Monday 9 June 2014

End Sexual Violence in Conflict: #TIMETOACT – Global Summit


"Rape was a reward the leaders gave those who killed. This is why I didn't love my daughter – her father was the one who killed my family. I wanted to kill her, too,” said Levine Mukasakufu about her daughter, Josiane Nizomfura. 



Levine is one of the half a million women raped during Rwanda’s 1994 genocide, when the country's ethnic Hutus tried to wipe out the minority Tutsis.



Two decades after the genocide, television journalist Lindsey Hilsum returned to hear the extraordinary testimony of women who were raped during the violence – and of the children born as a result.  It is estimated that some 20,000 children were born of rape during the genocide. 



Although rape occurs in all wars, it was especially widespread in Rwanda, and the consequences are felt to this day, Hilsum wrote in a moving, thought-provoking article in the Guardian. The International Criminal Tribunal on Rwanda concluded that rape was an integral part of genocide. "Sexual violence was a step in the process of destruction of the Tutsi group … destruction of the spirit, of the will to live, and of life itself," said the verdict on the Hutu leaders who organised the genocide in the Butare region.


This week's Global Summit to End Sexual Violence in Conflict, hosted by the British foreign secretary, William Hague, and actress Angelina Jolie, Special Envoy for the UN High Commissioner for Refugees, aims to put victims such as Levine and Josiane at the centre of war crimes investigations.

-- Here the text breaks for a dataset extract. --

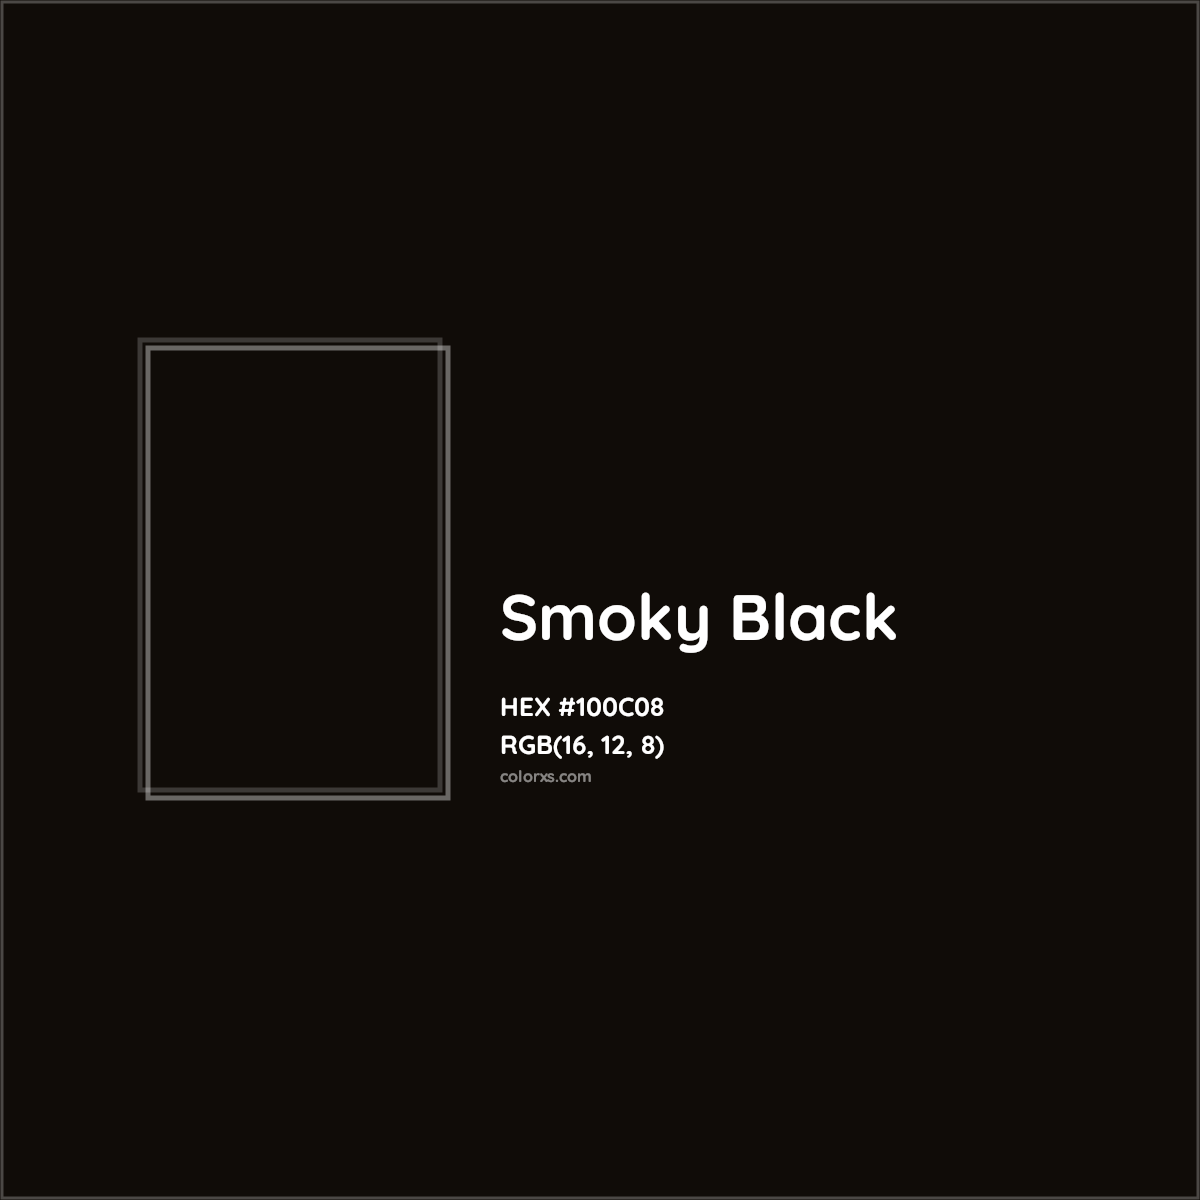 HEX #100C08 Smoky Black Color - Color Code

The summit, which opens tomorrow and runs until Friday  (10- 13 June) at ExCel London will be the largest gathering ever brought together on this subject. Over 100 countries and over 900 experts, NGOs, survivors, faith leaders, five Nobel laureates and international organisations from across the world will participate. Governments are expected to sign a new protocol for documenting wartime sexual assaults and adopt programmes to educate their soldiers that rape is a war crime rather than an inevitable consequence of conflict. The summit also aims at taking practical steps to reduce the dangers women face in conflict zones and increasing support for survivors of sexual violence and for human rights defenders.


There will also be three days of free public events taking place in the Summit Fringe. 



“For the first time in history, a world summit highlights and denounces a crime that is normally made invisible and is often silenced by the majority of States,” said journalist Jineth Bedoya Lima, a survivor of sexual violence in Colombia’s conflict. 



Alongside journalists and human rights defenders from Egypt and Mexico, Jineth will speak at a fringe event on 12 June organised by ABColombia and Peace Brigades International (PBI) looking at the risks entailed for those who speak out on the issue.



“Female reporters and activists suffer sexual abuse ranging from virginity tests conducted by the state, to group attacks on women during protests, and to the sexual violence practiced on women (and men) who are detained for protesting or opposing the state, all of which are escalating in Egypt", said Rana Allam, Editor-in-Chief at Egypt’s Daily News.